The copy you return must begin at the line containing "Produkt wykonany jest" and end at the final line of the listing below, with every picture left out.

Data block:
####

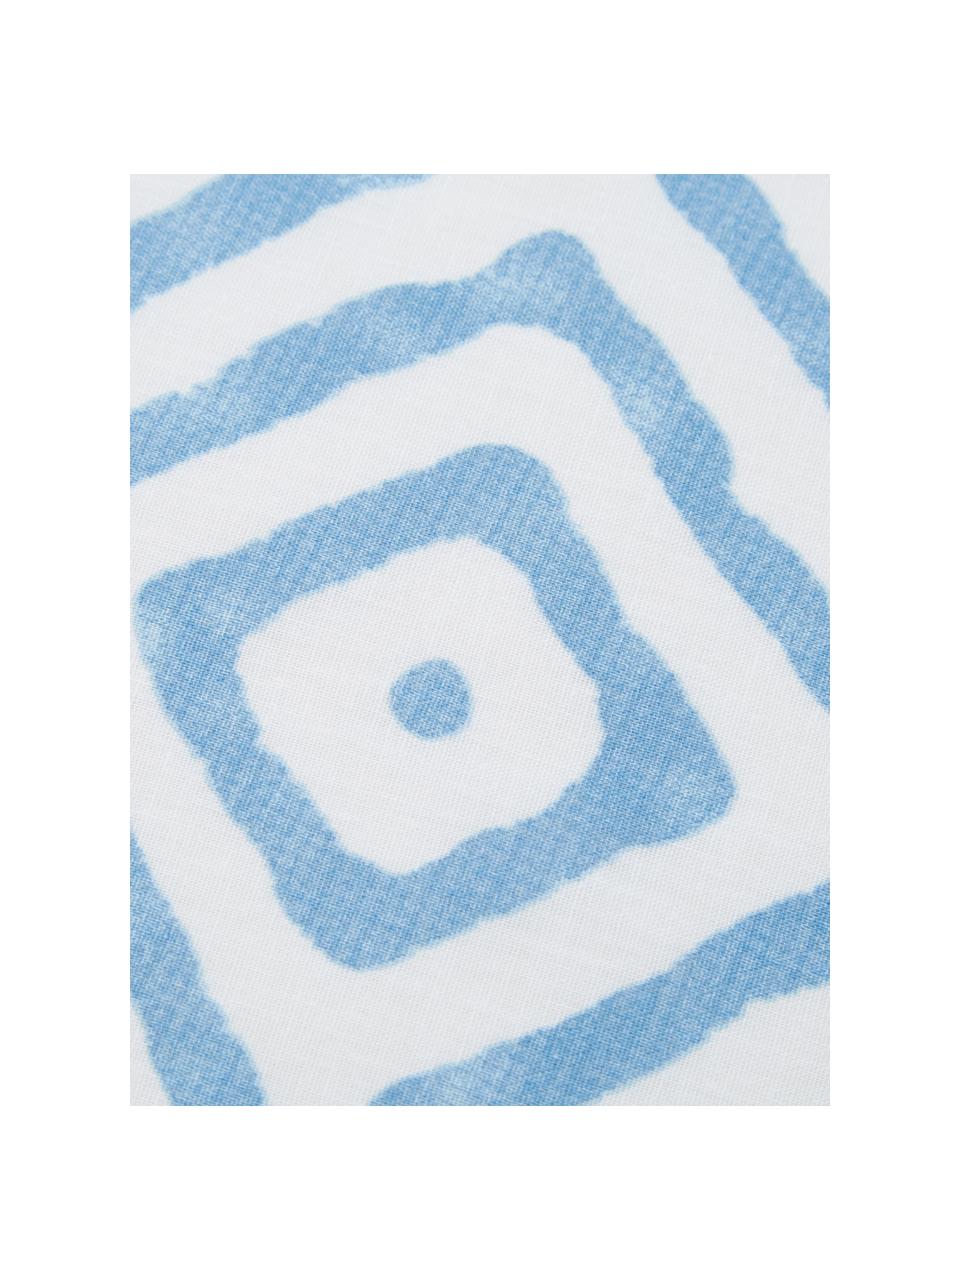 Dwustronna pościel z bawełny Get Framed, 100% bawełna
Produkt wykonany jest z bawełny, jest przyjemnie miękki, dobrze wchłania wilgoć i przeznaczony jest dla alergików, Jasnoniebieski, biały, 135 x 200 cm + 1 poduszka 80 x 80 cm
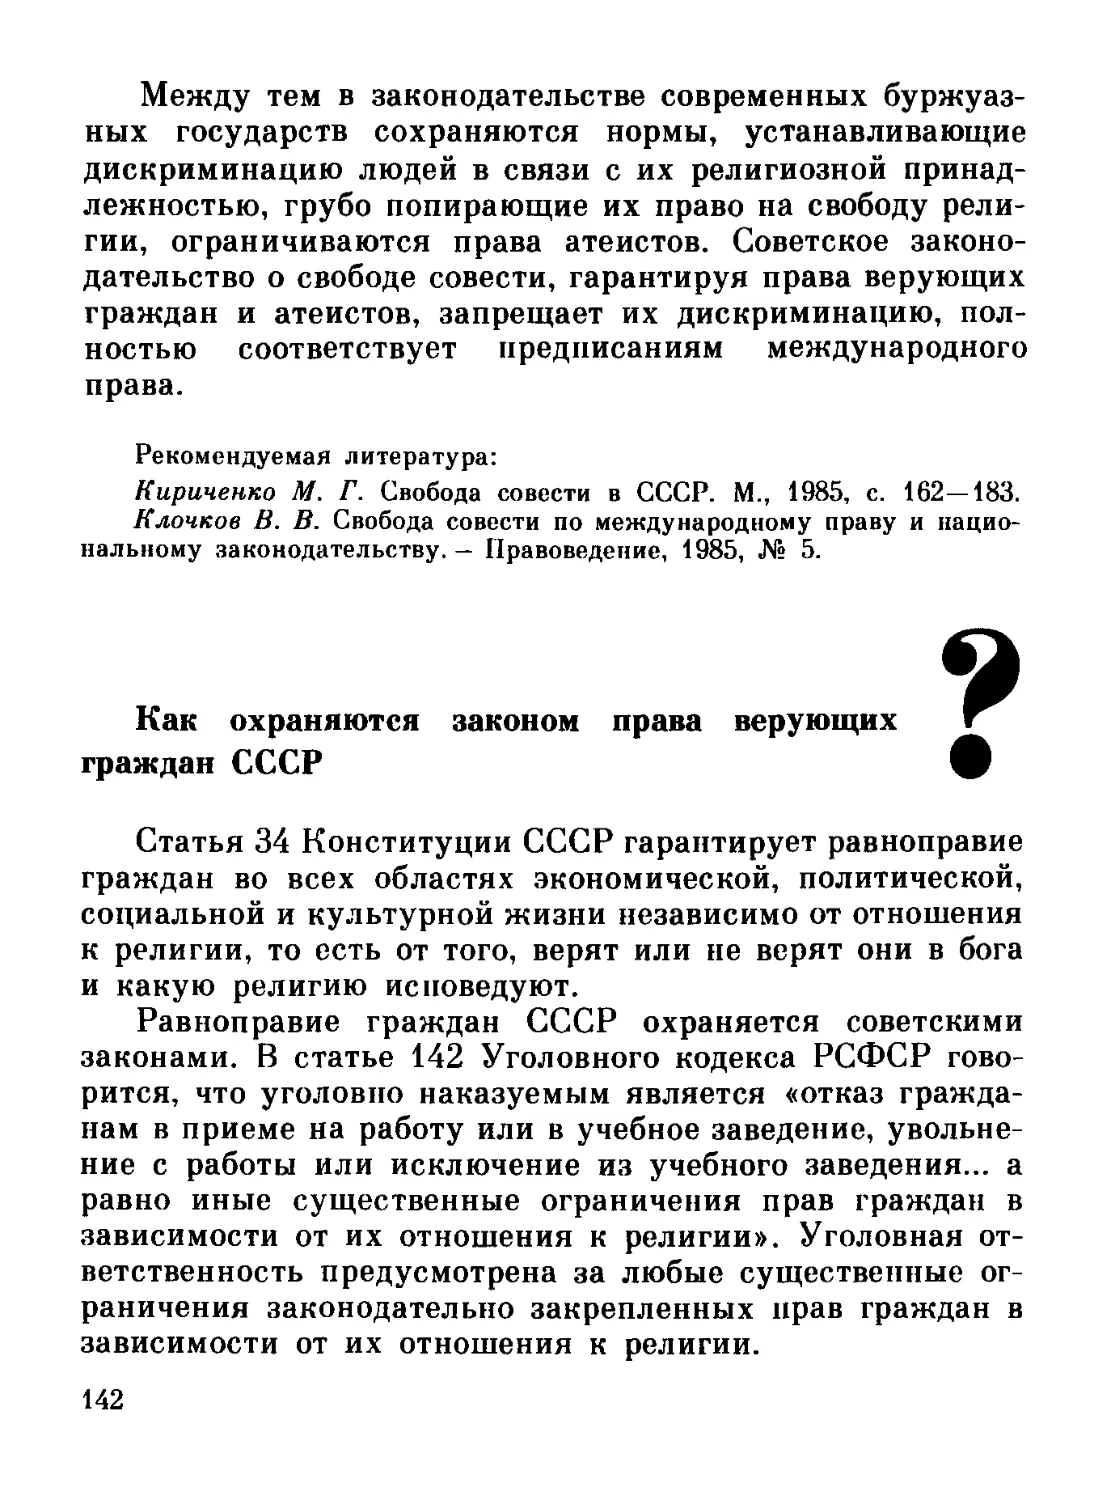 Как охраняются законом права верующих граждан СССР

####

Answer to this exercise:
Produkt wykonany jest z bawełny, jest przyjemnie miękki, dobrze wchłania wilgoć i przeznaczony jest dla alergików, Jasnoniebieski, biały, 135 x 200 cm + 1 poduszka 80 x 80 cm
 Как охраняются законом права верующих граждан СССР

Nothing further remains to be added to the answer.